I have a dataframe like this:
ID Age Gender Date
0 1 18 Male NaN
1 1 18 Male NaN
2 1 18 Male 2016-03-11
3 2 22 Male NaN
4 2 22 Male NaN
5 4 25 Male NaN
6 4 25 Male NaN
7 4 25 Male NaN
8 4 25 Male 2017-04-27
There are some NaN values in Date
column, I want to fill those NaNs using their respective ID. For example:
ID = 1
has occurred 3 times in dataframe, and the Date is given only once (2016-03-11). I want to fill the remaining two NaNs with that same date.
The same goes to ID = 4
, it occurred 4 times and Date is showed only for one. In short, I want resulting dataframe like this:
ID Age Gender Date
0 1 18 Male 2016-03-11
1 1 18 Male 2016-03-11
2 1 18 Male 2016-03-11
3 2 22 Male NaN
4 2 22 Male NaN
5 4 25 Male 2017-04-27
6 4 25 Male 2017-04-27
7 4 25 Male 2017-04-27
8 4 25 Male 2017-04-27
I tried groupby
method, but I am not getting any results. Can you please tell me how to that in Python?

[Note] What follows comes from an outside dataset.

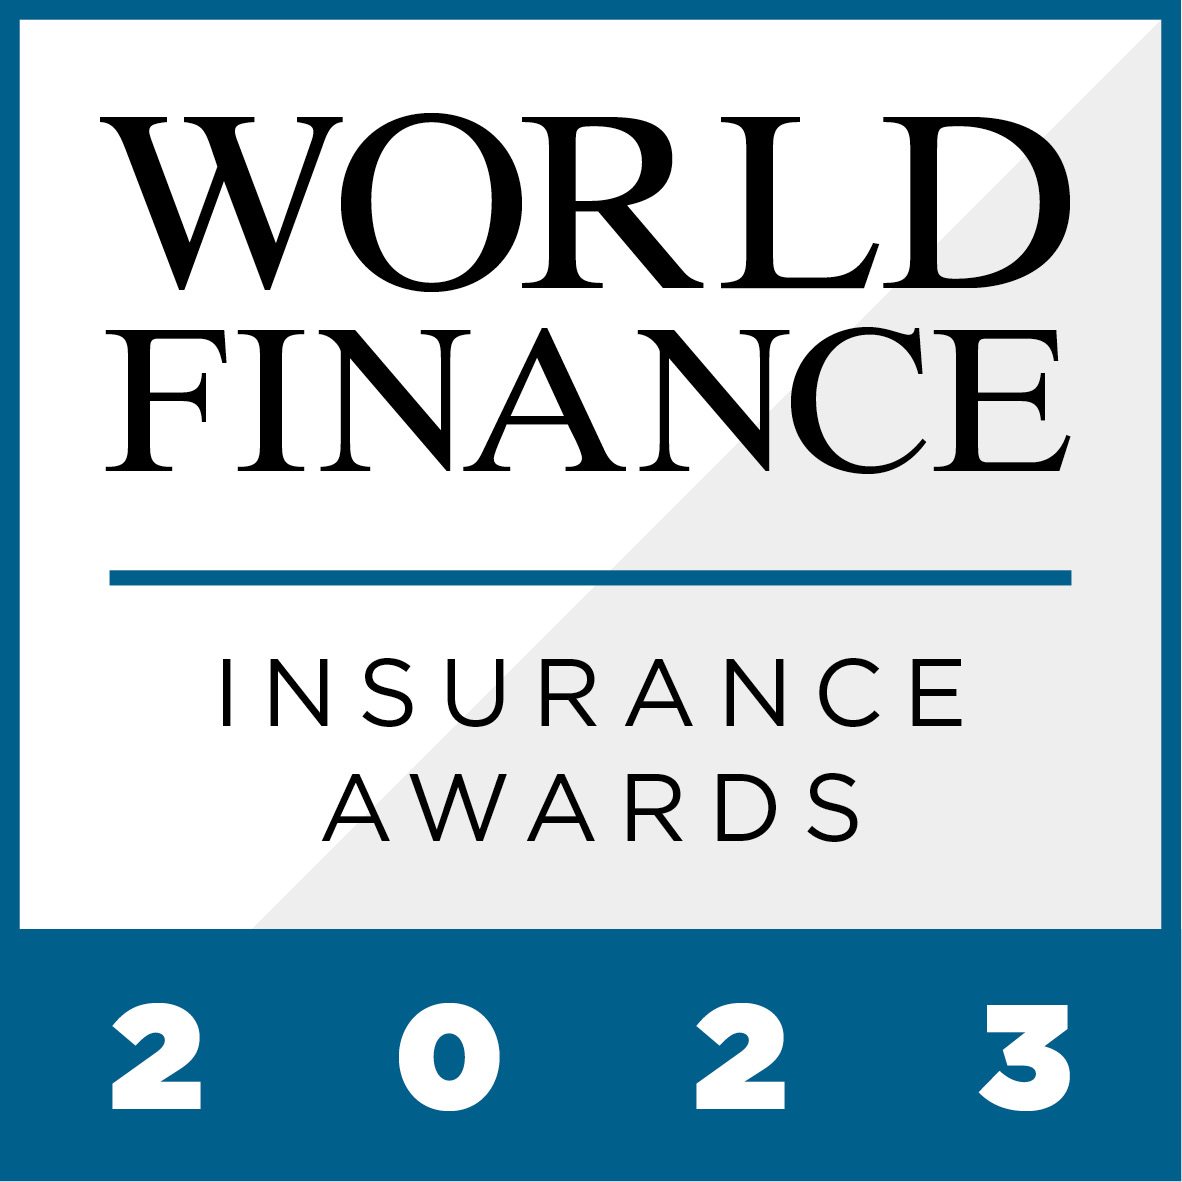 The winners of the World Finance Insurance Awards 2023

Here is a CSV file, if you want to try it on your local machine:
ID, Age, Gender, Date
1, 18, Male,
1, 18, Male,
1, 18, Male, 2016-03-11
2, 22, Male,
2, 22, Male,
4, 25, Male,
4, 25, Male,
4, 25, Male,
4, 25, Male, 2017-04-27
CodePudding user response:
You can use groupby and then apply to back and forward fill the ID groups. Not sure if this will give you the desired result if an ID had more than 1 date.

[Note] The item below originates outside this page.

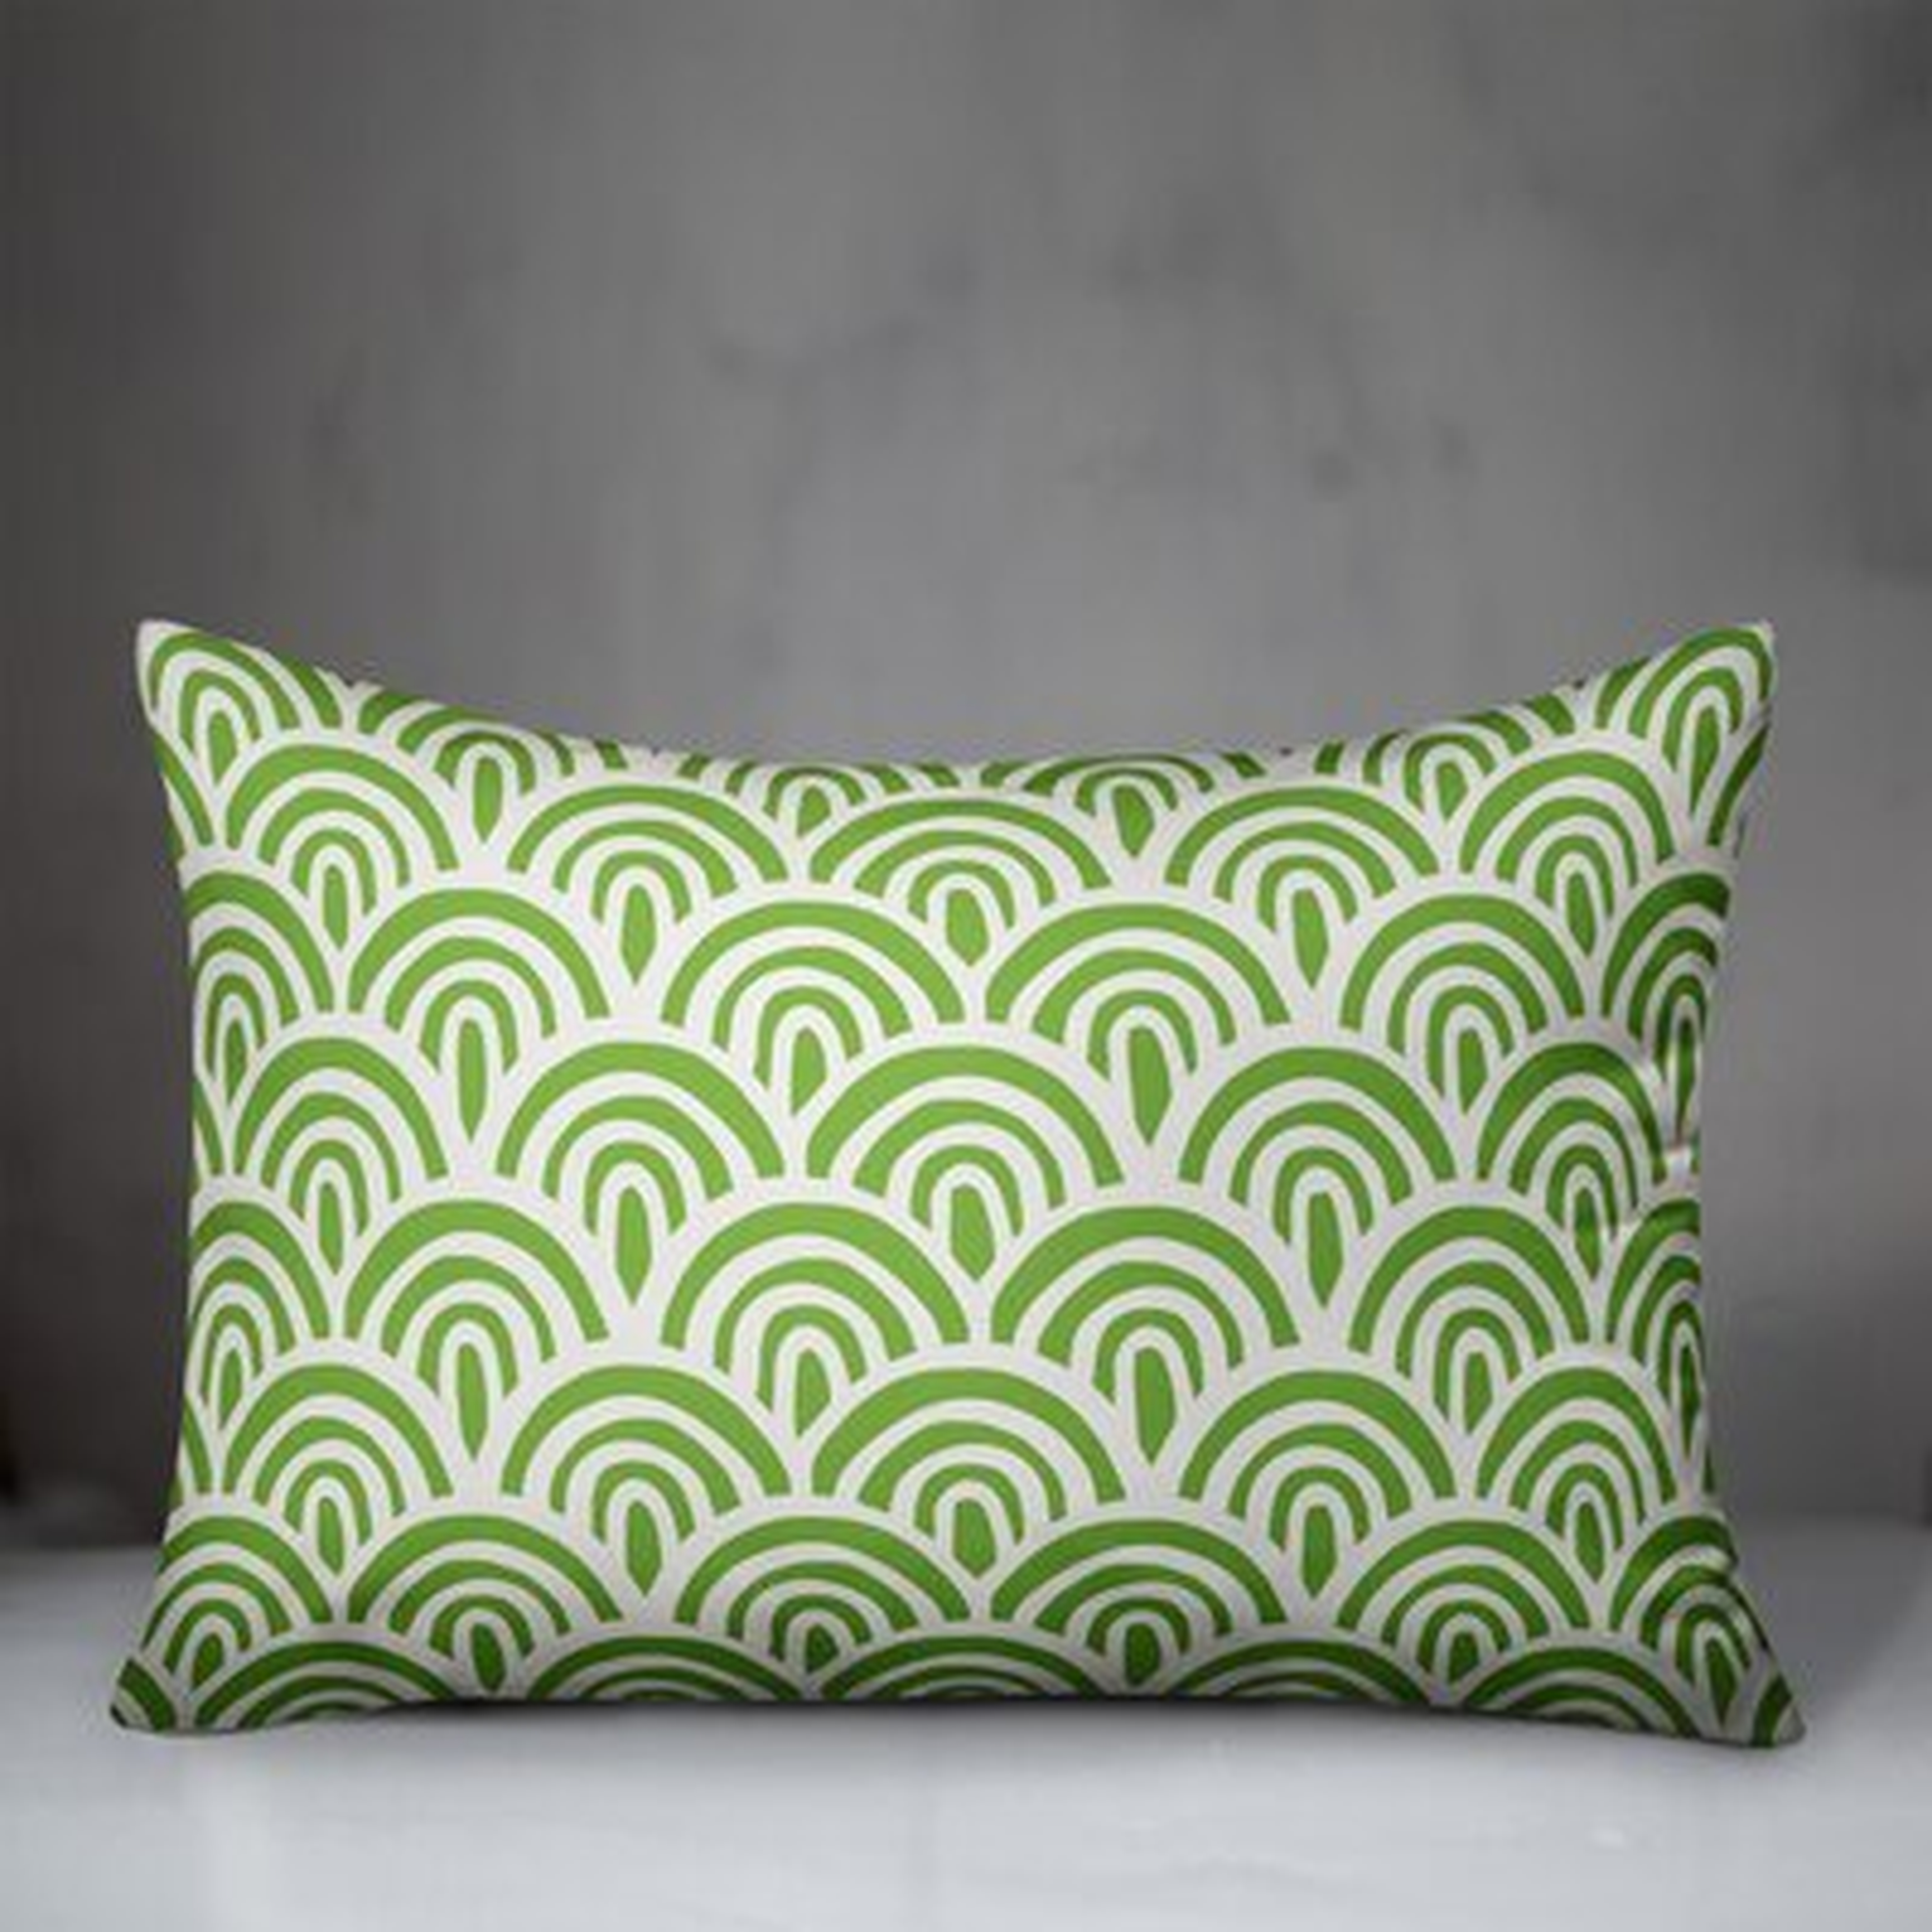 Mcclung Abstract Scallop Indoor/Outdoor Lumbar Pillow - Wayfair

df.groupby('ID').apply(lambda group:group.bfill().ffill())
Output:
ID Age Gender Date
0 1 18 Male 2016-03-11
1 1 18 Male 2016-03-11
2 1 18 Male 2016-03-11
3 2 22 Male NaN
4 2 22 Male NaN
5 4 25 Male 2017-04-27
6 4 25 Male 2017-04-27
7 4 25 Male 2017-04-27
8 4 25 Male 2017-04-27
CodePudding user response:
If you use
non_nan = df[['ID', 'Date']].dropna().drop_duplicates()
then you have the non-nan dates
Now you can merge
pd.merge(df[['ID', 'Age', 'Gender']], non_nan)
Note that if you have multiple distinct non-nan dates per group, you will get a row for each (your question didn't specify what to do in this case).